L'Atelier d'écriture scato-masochiste de Madame ADECI (Joe Krapov)
Un atelier d’écriture, c’est vrai, c’est exactement comme un club sado-masochiste. Il y a un animateur qui donne des ordres cruels – on appelle ça des consignes – et des gentil·le·s membres qui font preuve de discipline (Laurent serrez ma haire avec ma) et qui se plient avec humilité et, si possible, originalité aux quatre volontés du maître.
Ici, au Défi du samedi, le gourou est bonasse : il a une tête de papy gâteau et il accepte toutes les acrobaties intellectuelles nées de de son mot hebdomadaire avec la bonhomie d’un promeneur de chien qui est une chienne et qui a passé l’âge de se demander pourquoi on ne met qu’un seul « m » à bonhomie et pas deux « n » à bonasse. Parce que bon et con, c’est pas pareil ? Parce qu’un bon homme apprécie un bon home ?
J’en connais d’autres qui sont bien plus lunatiques, irréguliers, cyclothymiques, voire chiants. Moi, par exemple, à Villejean !
Mais la pire, c’est Madame ADECI. Je ne vous raconte pas ses drôles de lubies ! Si, en fait, puisque c’est le sujet de cette semaine du Défi du samedi.
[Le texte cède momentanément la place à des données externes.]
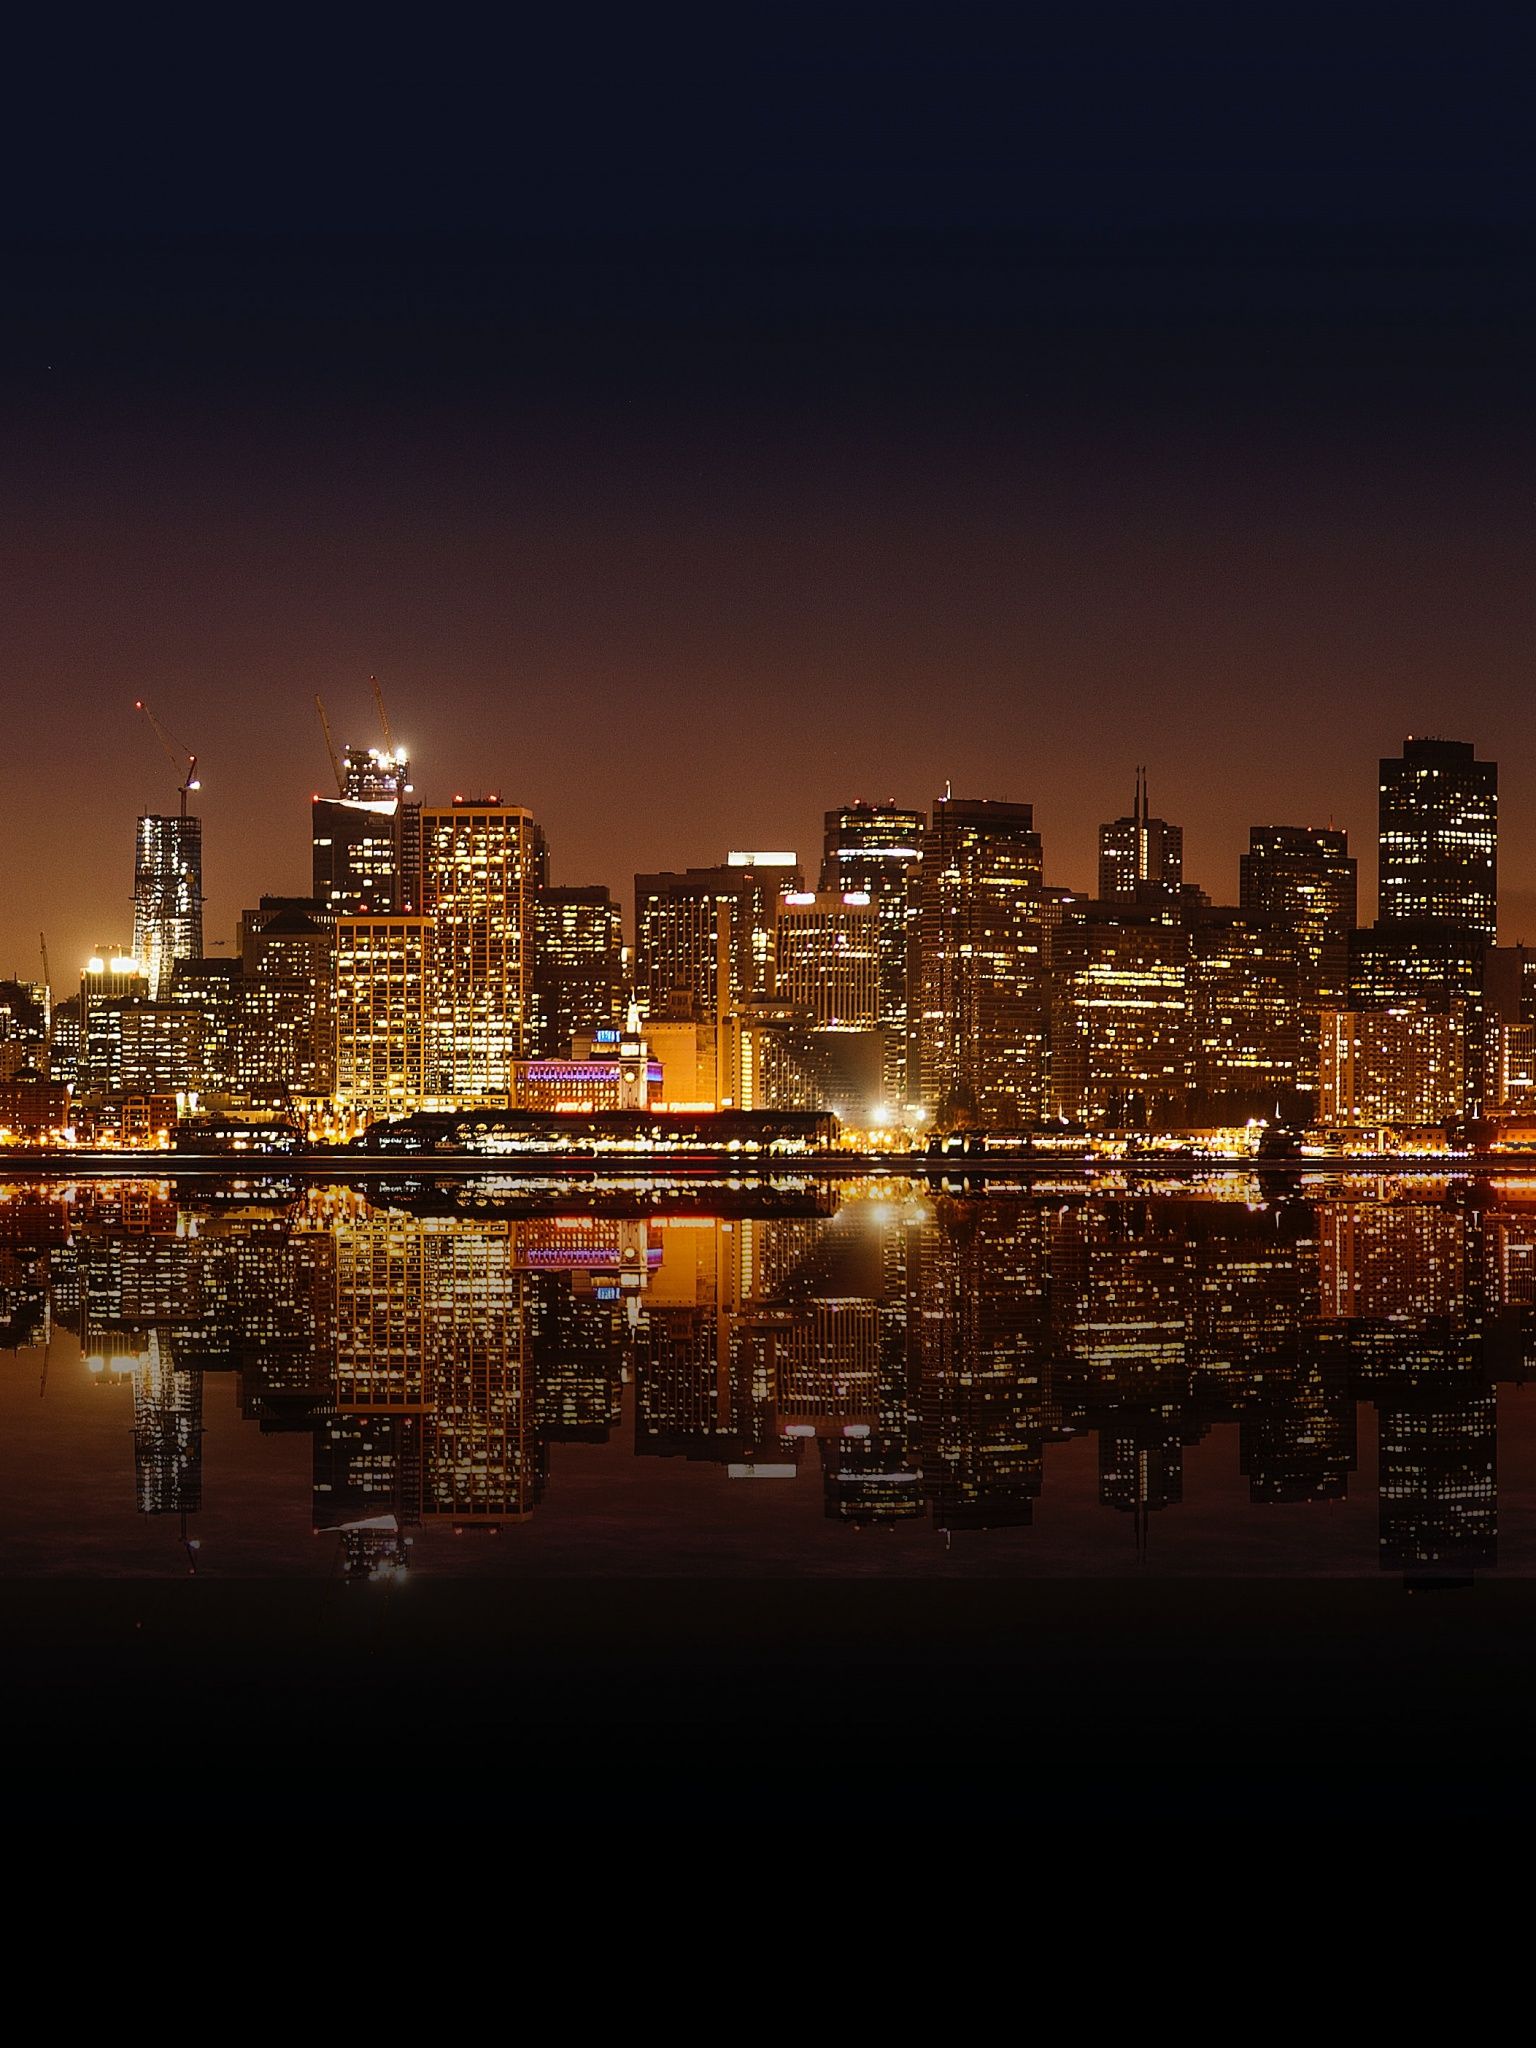 A city skyline at night with water in the foreground - City, skyline

Figurez-vous que son atelier d’écriture sado-masochiste ne fonctionne que tous les deux ans ! Tous les deux ans elle vous envoie ses consignes par la poste. La première épreuve consiste à aller chercher la consigne d’écriture chez un de ses adeptes qu’on appelle un médecin. Vous héritez alors d’une belle enveloppe bleue contenant du matériel spécifique mais où le stylo brille par son absence ! On écrit directement sur l’ordi ? Pas du tout ! Quand vous êtes de ce côté-ci de l’atelier d’écriture, et surtout chez Madame ADECI, vous en chiez ! Dans le sado-masochisme, on donne de sa personne, qu’est-ce que vous croyez !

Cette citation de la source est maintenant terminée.